Most of the ballparks in South Korea are smaller than in the major leagues. The Pirates, however, believe Kang will hit for power.

“He hit a lot of balls in Korea that would have been out of the ballparks in the major leagues, too,’’ Huntington said. “What we really like about him is that he has a good overall approach to hitting.’’

Kang was primarily a shortstop in Korea but will begin his career as a utility infielder, backing up Neil Walker, Josh Harrison and shortstop Jordy Mercer.

Huntington dismissed the idea of having Kang start the season in the minor leagues in an effort to better adjust to the American style of play.

“The best way to transition him to the major leagues is by having play in the major leagues,’’ Huntington said. “Our challenge, as it would be with any role player, is giving him enough playing time to stay sharp.’’

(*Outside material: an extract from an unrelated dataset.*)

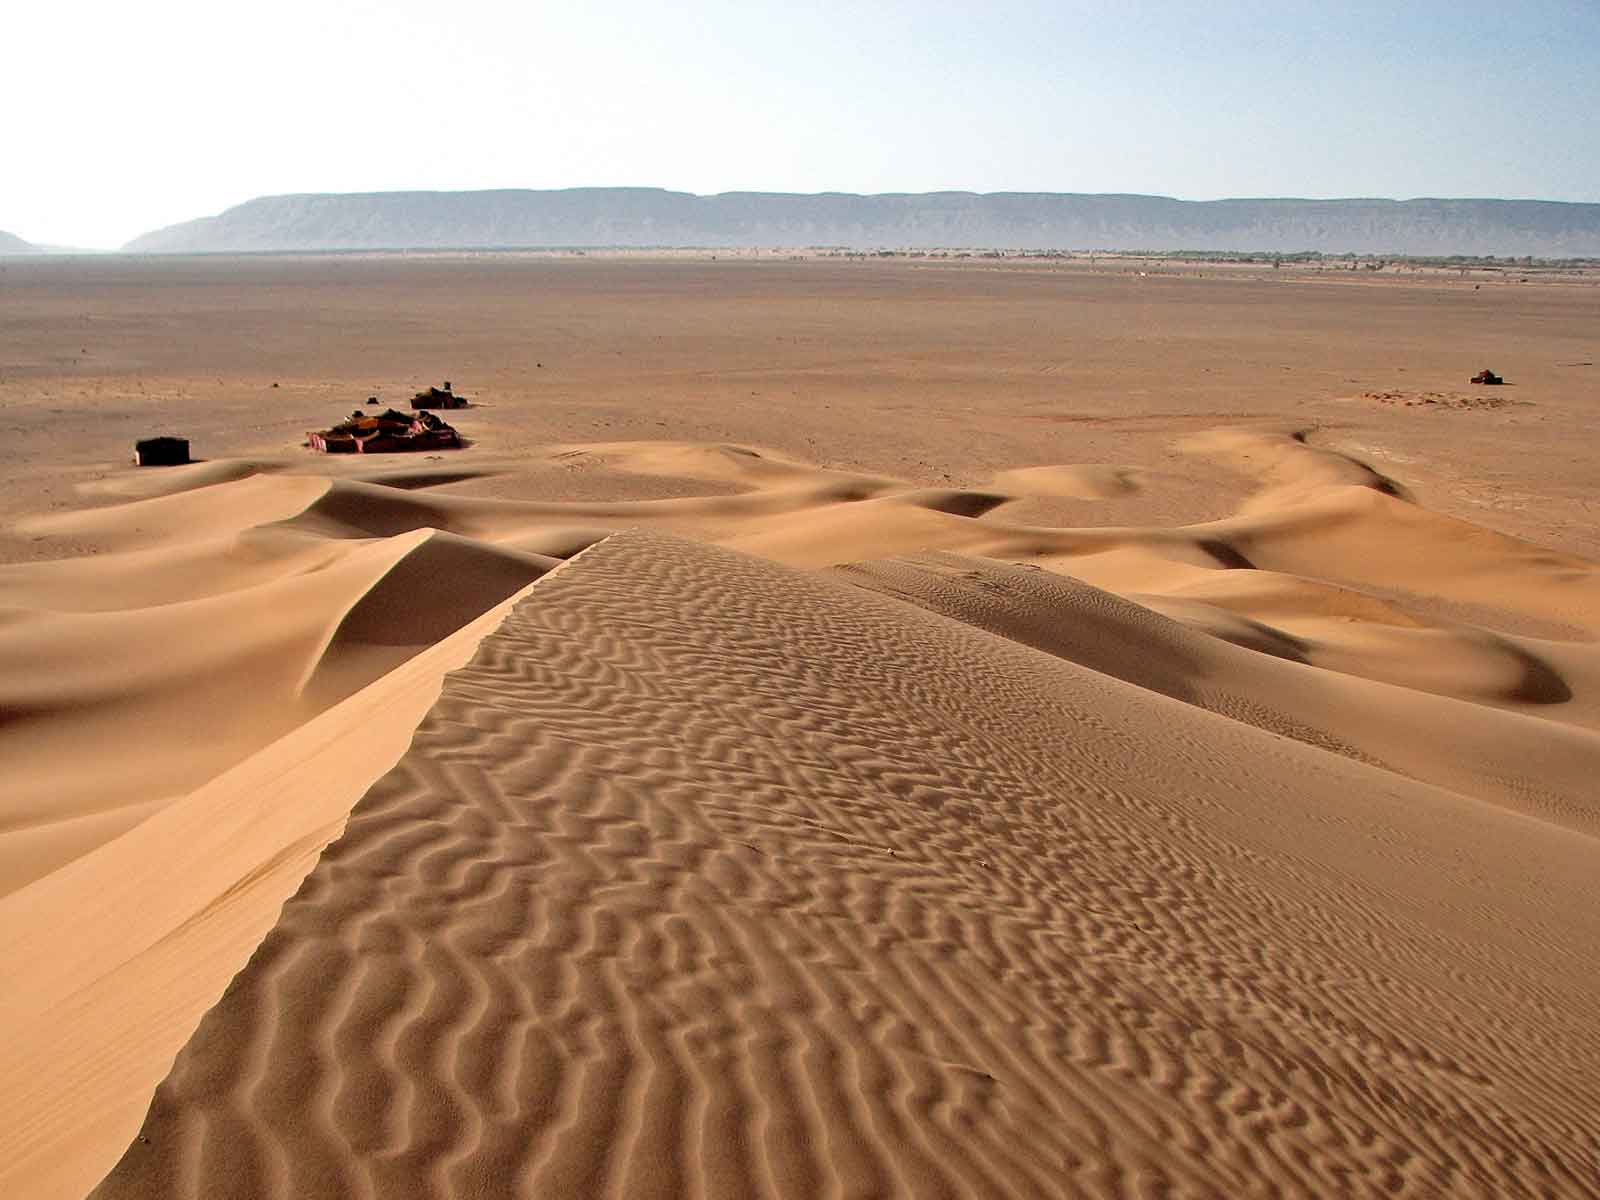 Sahara desert tour from Marrakech to zagora 2 days

There is a possibility that some Pirates infielders could be traded to other teams, raising Kang’s chances of joining the starting roster this year. The Pirates were unable to agree on terms with first baseman Pedro Alvarez and second baseman Walker, and the sides exchanged arbitration figures. If management sticks to its intended plan of refusing to negotiate now that figures have been filed, then the three players will end up in hearings in February.

In arbitration, Walker is seeking $9 million, up from $5.25 million this year, while the Pirates filed at $8 million. Alvarez is seeking a raise to $6 million from $4.25 million while the Pirates filed at $5 million.

Shortstop Mercer, who is currently paid $515,500, is also set to adjust his salary with the Pirates when the next season ends.